Up to seven driver profiles can be stored via BMW ID, meaning every person who gets behind the wheel gets the car configured exactly the way they like it. The BMW Intelligent Personal Assistant, now enhanced with Amazon Alexa+ AI, handles everything from navigation to media to vehicle functions through natural, conversational voice commands.
The Heart Of Joy: BMW’s New Performance Brain
BMW calls its new vehicle dynamics computer the “Heart of Joy,” and it’s not just a marketing name. As one of four high-performance superbrains running the car, this system manages drive, brakes, steering inputs, and recuperation, and it responds ten times faster than previous BMW systems.
The result, according to BMW, is cornering that’s more consistent and predictable, requiring fewer control interventions and delivering a more connected, assured feel through the wheel. An Adaptive M suspension is available as an option for those who want to dial in even sharper dynamics.
Braking has also been refined through a system BMW calls Soft-Stop, which uses the electric motors to handle nearly all deceleration in everyday driving. Physical brakes are reserved for spirited driving or emergency situations, keeping efficiency high and wear low.

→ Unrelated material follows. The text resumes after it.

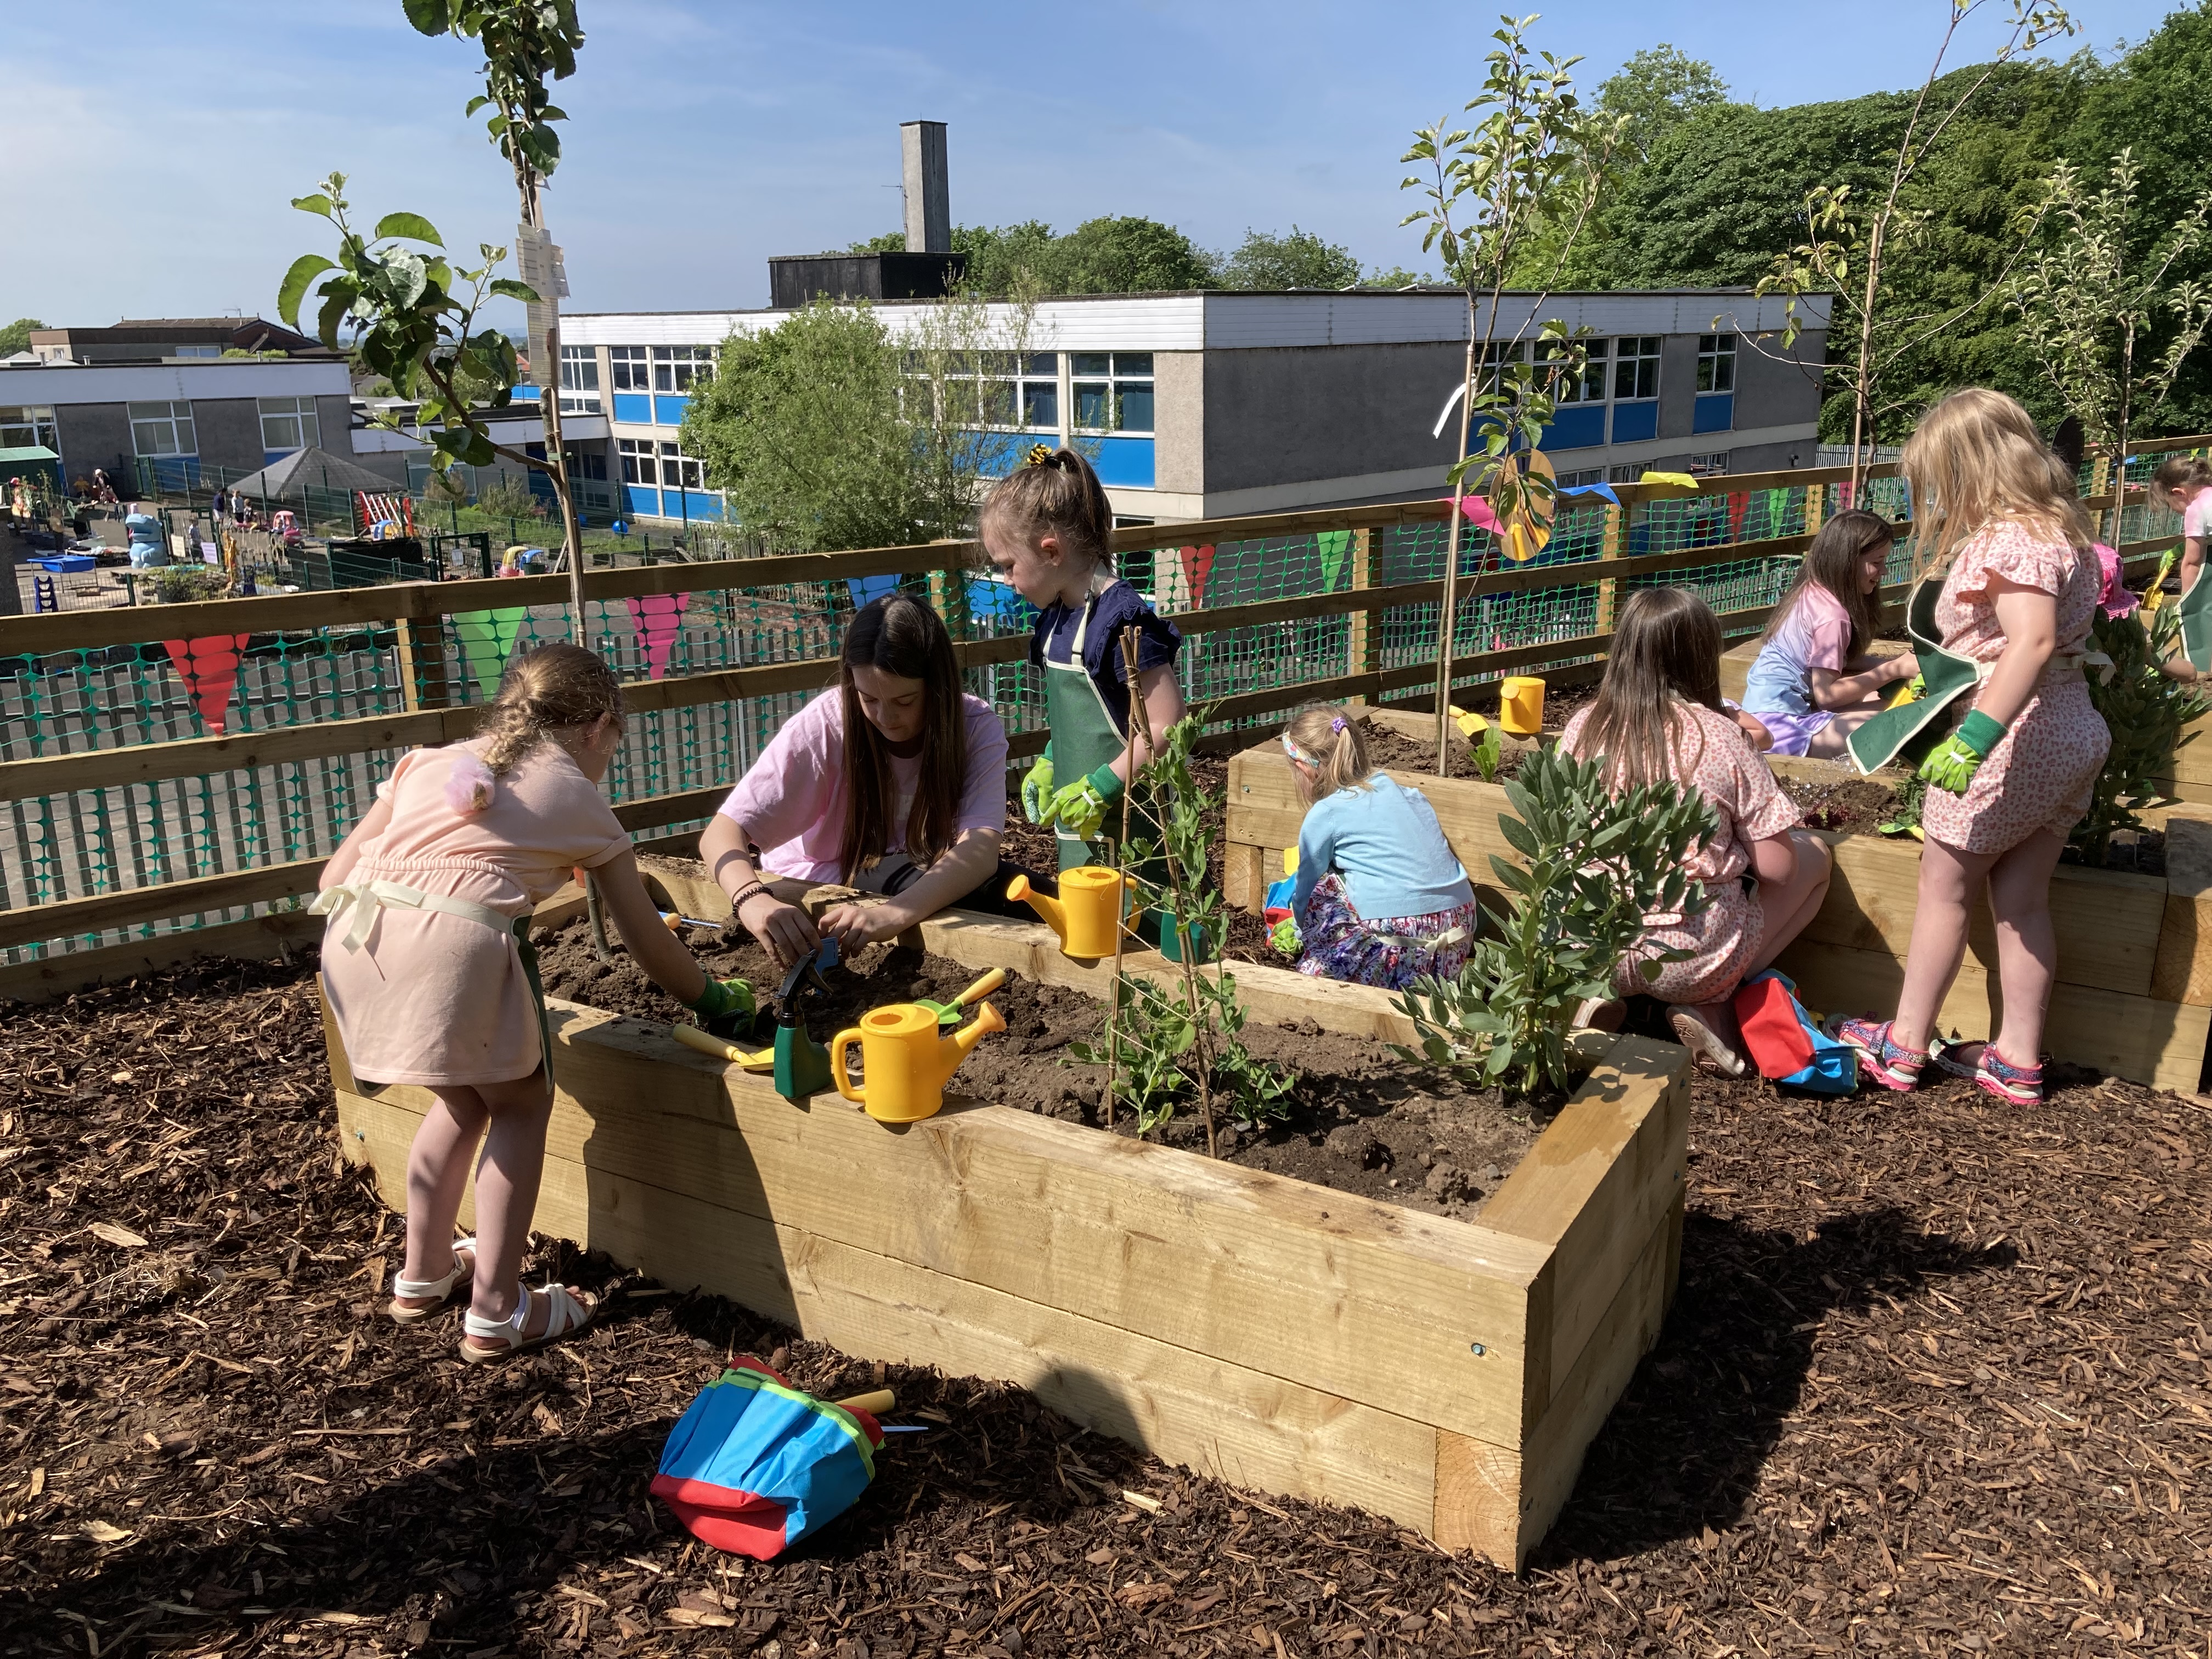 A photograph of children playing in the outdoor classroom, overlooking a school playground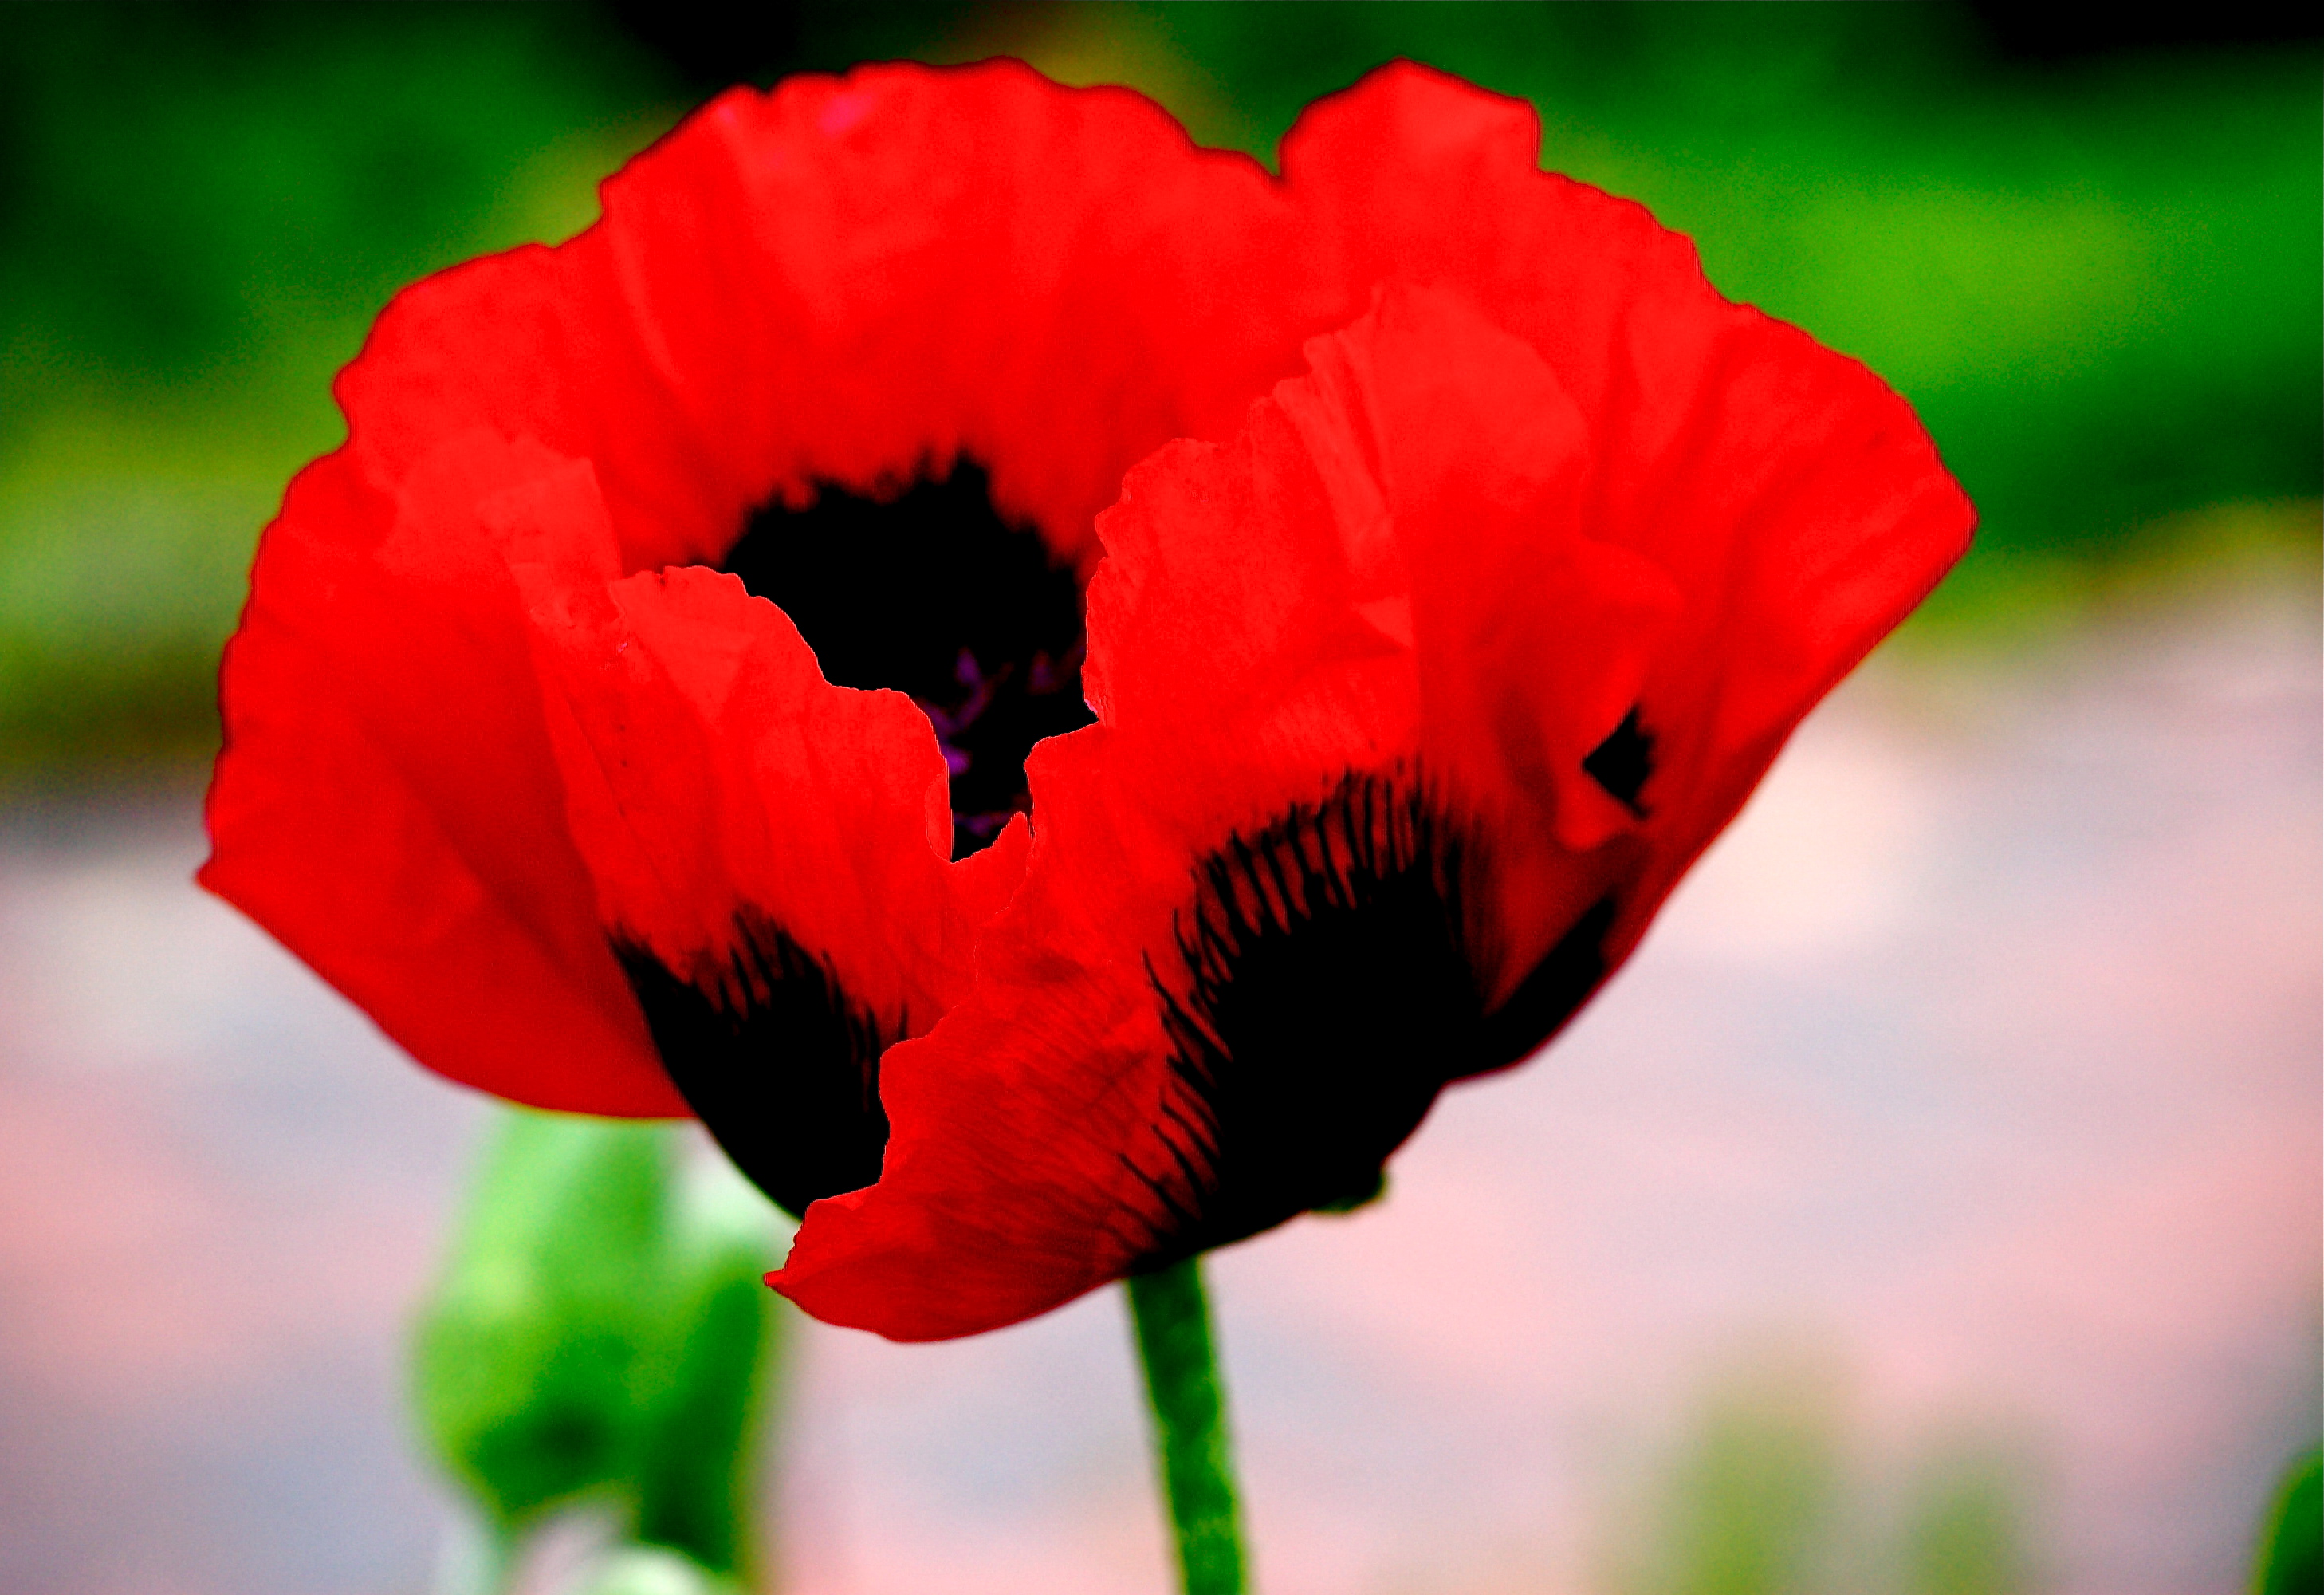 Spring's Oriental Poppy, Part One: Red with Splashes of Black | Lens ...

Sixth-Gen eDrive And The Battery Behind The Range
The i3’s 440-mile range figure doesn’t happen by accident. It’s the product of BMW’s sixth-generation eDrive technology, which uses new 46mm x 95mm cylindrical battery cells in a cell-to-pack design, meaning the cells go straight into the pack without intermediate modules. This bumps volumetric energy density up 20 percent over the previous generation’s prismatic cells and contributes to a flatter, lower-mounted battery that drops the car’s center of gravity for better handling.
The battery housing itself doubles as a structural component through BMW’s pack-to-open-body construction, saving weight and improving torsional rigidity at the same time.
Powering the rear axle is an electrically excited synchronous motor (EESM), a technology that allows the magnetic field to be dynamically adjusted for maximum efficiency at low loads and maximum torque under hard acceleration. The front axle runs a lighter, more compact asynchronous motor (ASM). Together, BMW says this combination reduces energy losses by 40 percent, drops drive system weight by 10 percent, and cuts manufacturing costs by 20 percent compared to the previous generation.
When Can You Get One?
Production of the new BMW i3 begins at BMW’s Munich plant in August 2026, with the first customer deliveries expected in autumn of this year. The Munich facility is undergoing a major transformation. One year after the i3 goes into production, the plant will shift exclusively to Neue Klasse electric vehicles.
Pricing hasn’t been announced yet, but with 463 horsepower, a 440-mile range, and a design direction that feels like a genuine return to form, the new BMW i3 is shaping up to be exactly what the 3 Series needed to stay relevant in the EV era.